Das junge Liebespaar Nell und Steven zieht in ein altes Mietshaus am Rande von Hollywood. Die junge Lehrerin und der angehende Arzt sind alles andere als auf den ersten Blick in ihre neue Behausung verliebt. Es ist irgendwie düster in dem Gemäuer. Die Wände sind so dünn, dass man jedes Wort aus dem Nachbarzimmer versteht. Zudem gibt es einige bautechnische Mängel.

Zwar bietet das Haus einigen Service: Einen Hausmeister, der handwerklich sehr begabt scheint, einen Pagen, der sich um das Wohl der Mieter kümmern soll. Die negativen Eindrücke überwiegen aber. Und die beiden ahnen nicht, was hinter den Mauern des Hauses geschieht: Ein Killer geht um, der mit verschiedenen Werkzeugen wahllos Leute niedermetzelt. Als Nell eines Tages dem Verschwinden ihrer Nachbarin nachgehen will, wird sie zwangsweise mit dem Mörder konfrontiert.

Kritik

Tobe Hooper („Blutgericht in Texas“) hat nach einigen weniger unterhaltsamen Filmen endlich mal wieder einen Volltreffer gelandet. Wer den Film „Der Bohrmaschinenkiller“ ( The Toolbox Murders, 1978) kennt und einen ähnlich schlechten Film als Neuverfilmung erwartet, täuscht sich. – Zum Glück. Denn das angebliche Remake ist eigentlich keines. Einzige Parallele: Die ungewöhnliche Tatwaffe.

„The Toolbox Murders” beginnt spannend und macht bereits nach den ersten Minuten Lust auf mehr.

Nachdem einige Leute ihr Leben lassen mussten und man die Protagonistin nebst Ehemann kennen gelernt hat, geht es auch schon ans Eingemachte. Mit einer sehr gelungenen Atmosphäre, Schockmomenten, die einem das Herz in die Hose rutschen lassen und Splatterszenen, die es wirklich in sich haben.
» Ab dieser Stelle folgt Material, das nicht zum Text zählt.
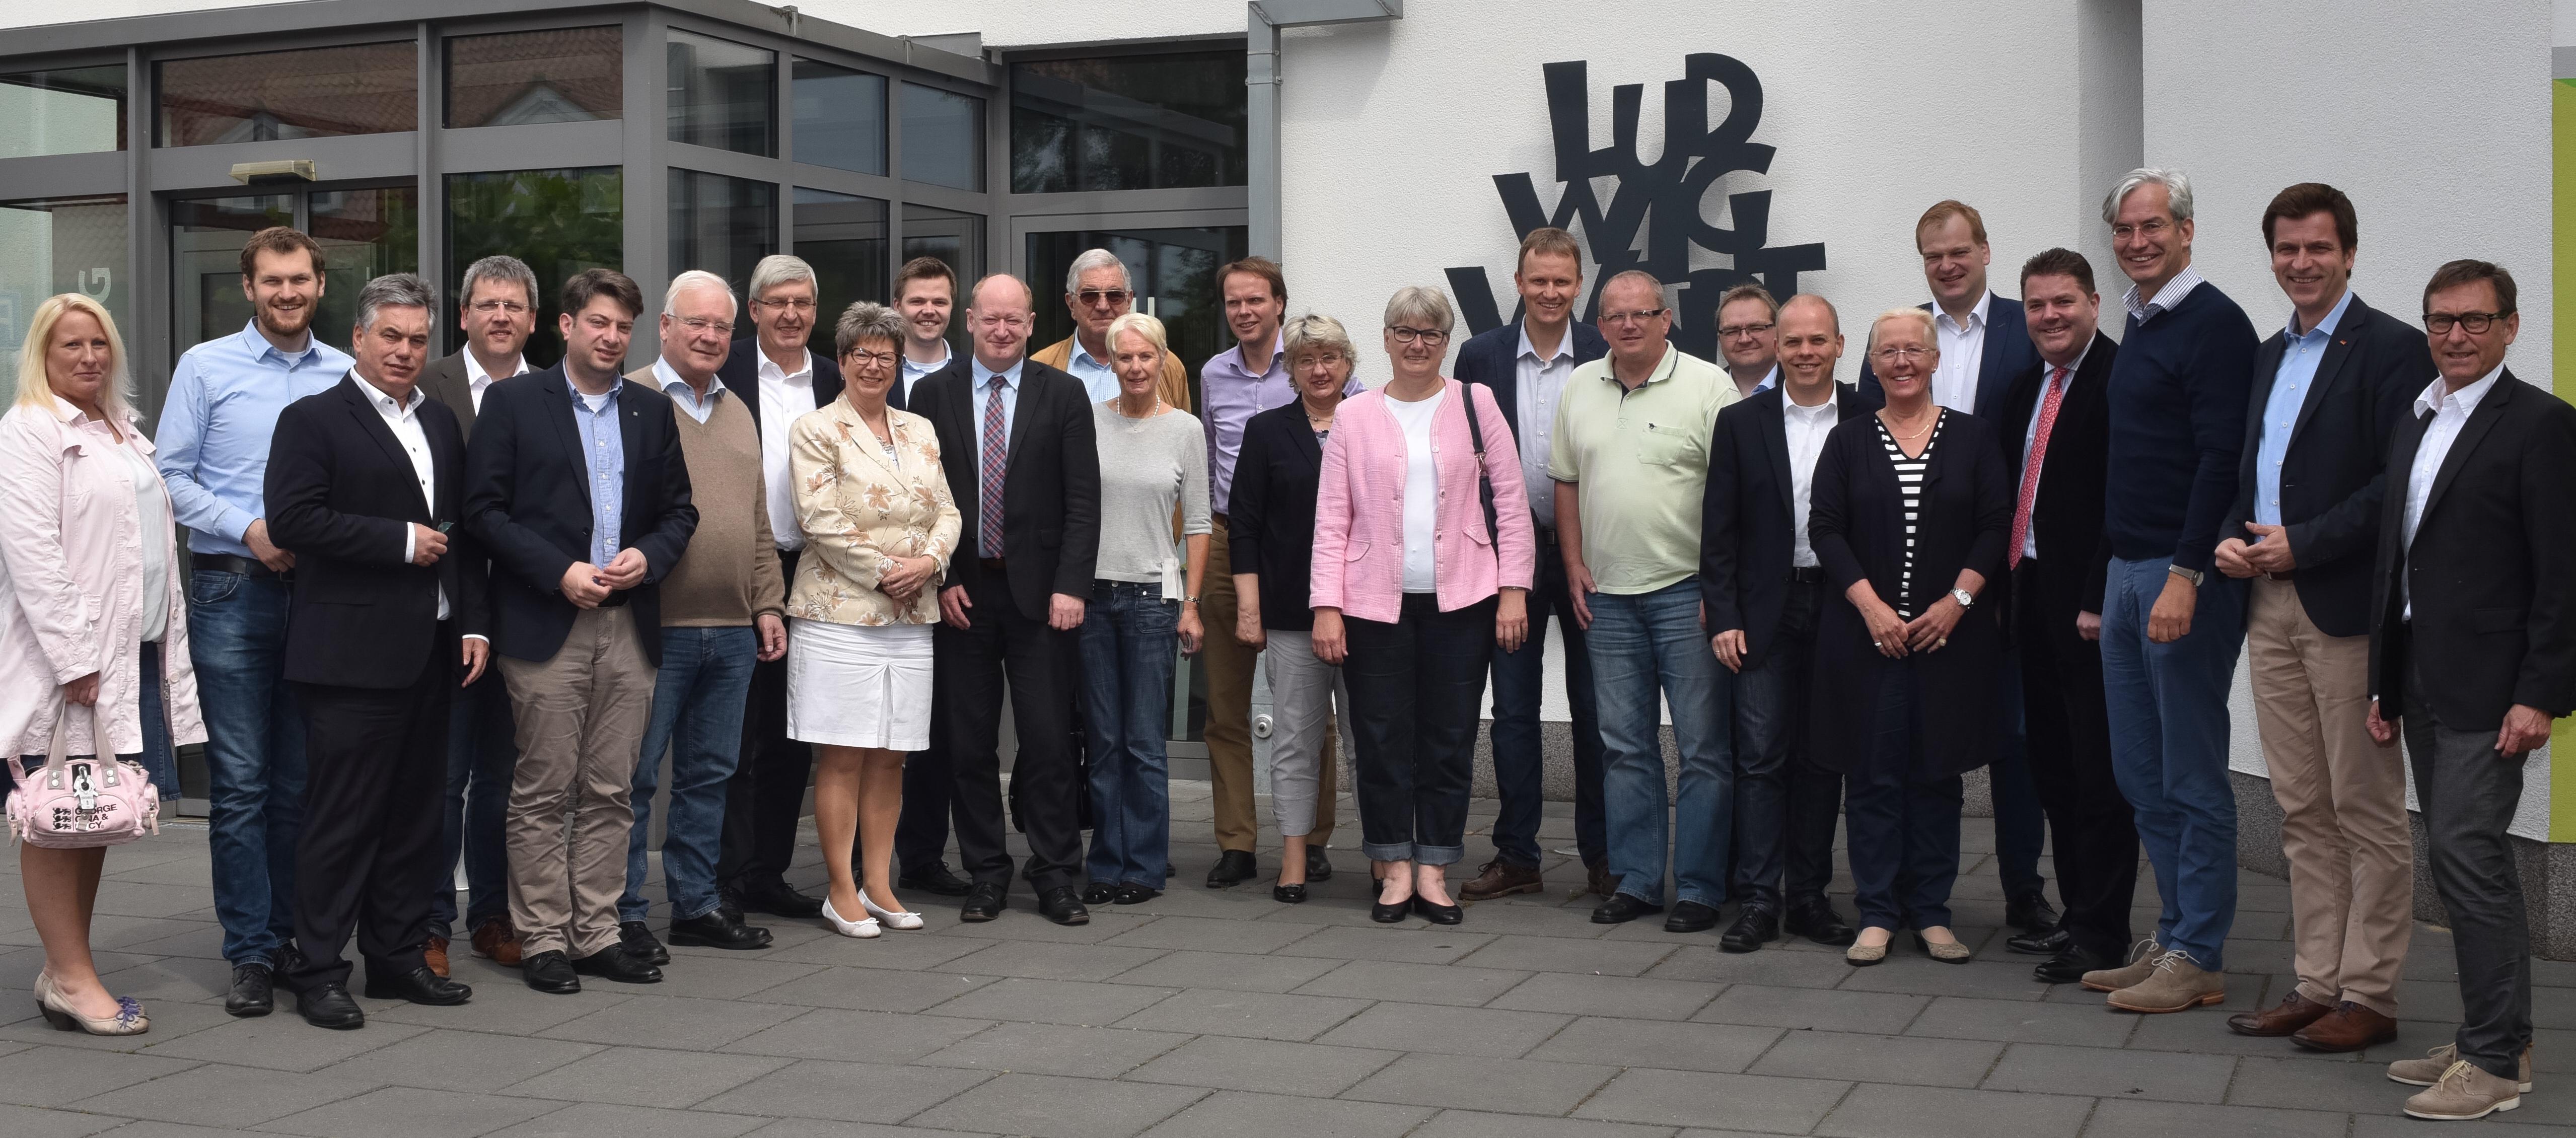 CDU BV 2016.6.11 II

Langeweile kommt so gut wie gar nicht auf. Der Betrachter wartet von Szene zu Szene auf neue Auftritte des mysteriösen Killers und wünscht sich eine Auflösung des Geschehens.

„The Toolbox Murders” ist sicherlich kein Film, der das Genre neu erfindet, es zeigt sich sogar von Vorteil, dass ein Altmeister den Regiestab in die Hand genommen hat und auf Altbewehrtes setzt. Denn ein Horrorfan will den Horror spüren und sehen. Dank der meisterlichen Arbeit von Hooper bekommt man hier einen wirklich gelungenen Horrorfilm zu sehen, der zu den besten Beiträgen der letzten Jahre zu zählen ist. Der Film soll zwar von der „Motion Picture Association of America“ im Vorhinein geschnitten worden sein, doch was übrig geblieben ist, ist teilweise ultraheftig.

Was optisch ebenfalls einen sehr guten Eindruck macht, ist das Gebäude, in dem der Streifen gefilmt wurde. Die Kulissen sind wie geschaffen für einen Film dieser Art und tragen viel zur nahezu genialen Atmosphäre bei. Die Darsteller hinterlassen zwar einen nicht ganz so guten Eindruck, wirken aber wenigstens nicht sonderlich störend. Man kann Angela Bettis („May“, „Carrie“), Brent Roam („Tremors 4 – Wie alles begann“), Marco Rodríguez, Rance Howard und den anderen mitwirkenden durchaus solide Schauspielkünste attestieren. Für einen Darstellerpreis wird es aber sicherlich nicht reichen. Man muss ihnen aber zu Gute halten, dass das Drehbuch nun wirklich nicht gerade herausragende schauspielerische Künste verlangt.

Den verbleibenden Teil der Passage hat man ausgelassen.